Illinois lawmakers are considering new disclosure requirements for lobbyists and public officials in response to an ongoing federal public corruption probe that has ensnared politicians from Chicago City Hall to the Capitol in Springfield.
The proposal from Democrats comes on the final day of the General Assembly’s fall veto session, which began in late October as then-state Rep. Luis Arroyo was being charged in federal court with bribing a state senator to support sweepstakes gaming legislation that would have benefited one of Arroyo’s City Hall lobbying clients.
Democratic leaders are proposing a joint House-Senate committee be formed to examine and propose changes to the state’s lobbying and ethics laws.
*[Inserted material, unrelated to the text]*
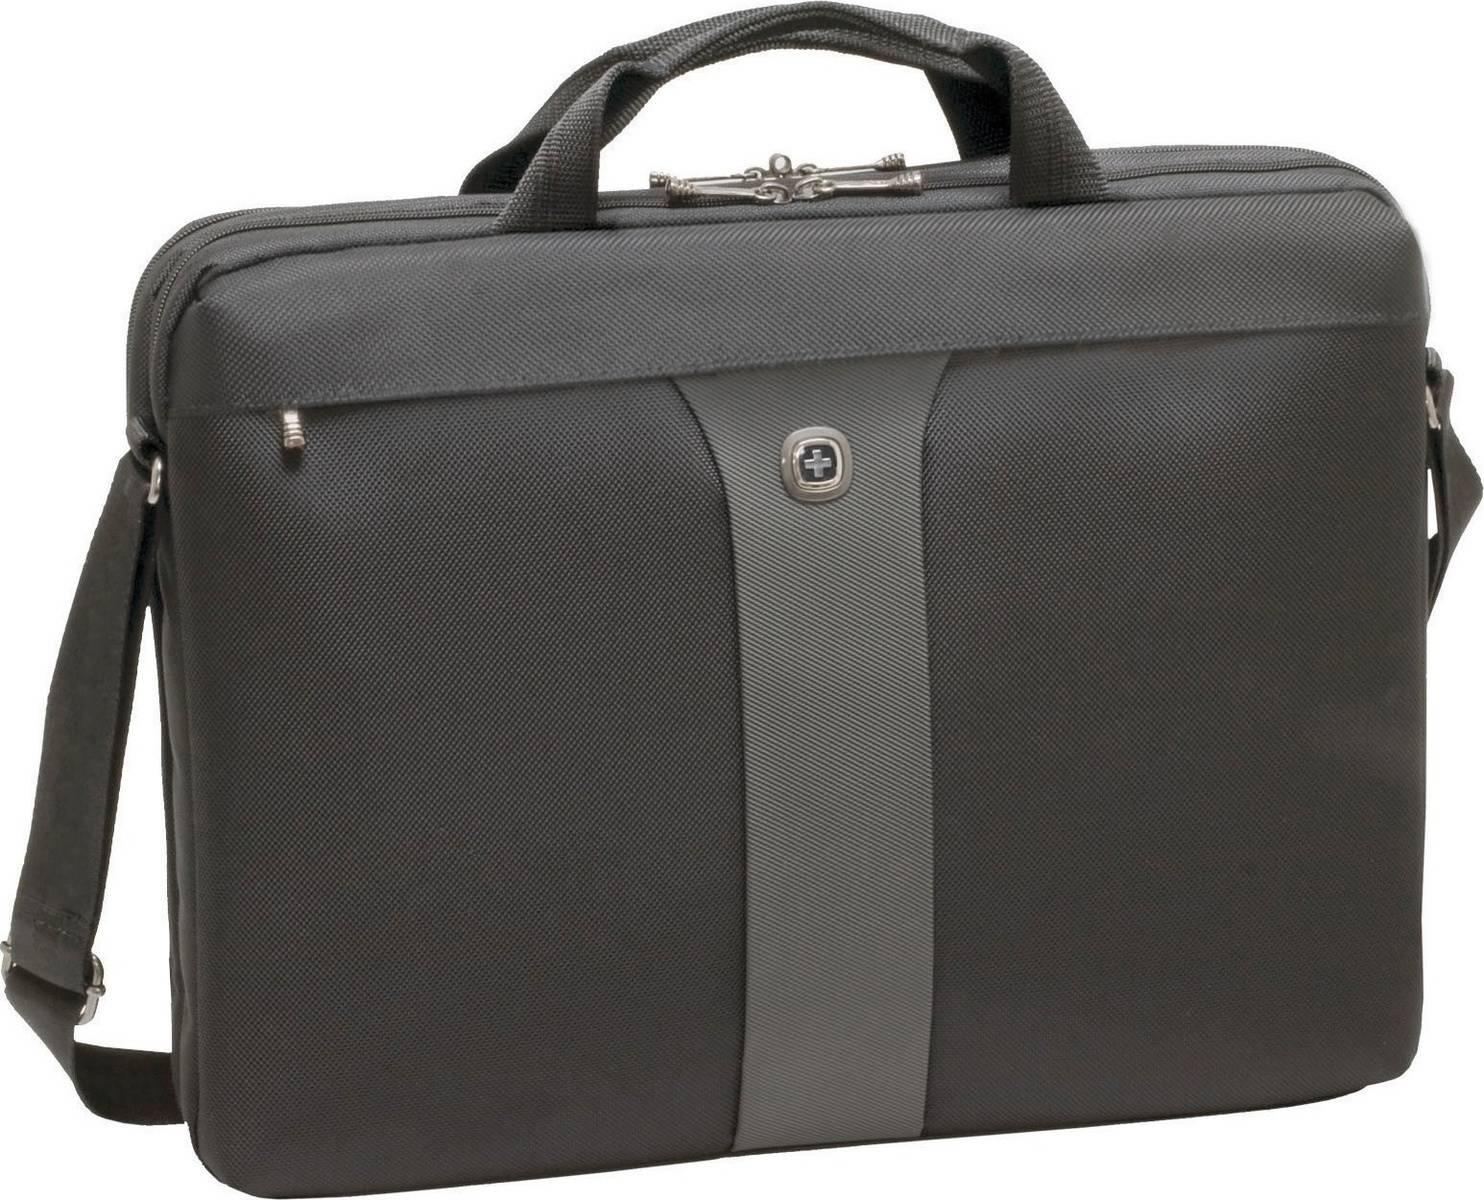 Τσάντα Laptop Wenger Legacy 17 Slimcase 600654 Μαύρο-Γκρι paixnidia hobby eidh tajidioy tsantes uhkes

The panel would issue a report by March 31.
“We need to do it in a thoughtful, systematic and comprehensive way," House Democratic leader Greg Harris of Chicago said Thursday at a House committee hearing.
A separate but related measure would strengthen the statements of economic interest state officials are required to file annually, mandating that officials answer all questions and providing examples of how to answer them.
The measure also would require more disclosure by state lobbyists, including making them disclose any unit of local government that they lobby and any elected or appointed office they hold.
House Republican leader Jim Durkin of Western Springs, whose caucus has issued repeated calls for overhauling lobbying and ethics laws, said there was no input from the GOP on the proposals Democrats introduced.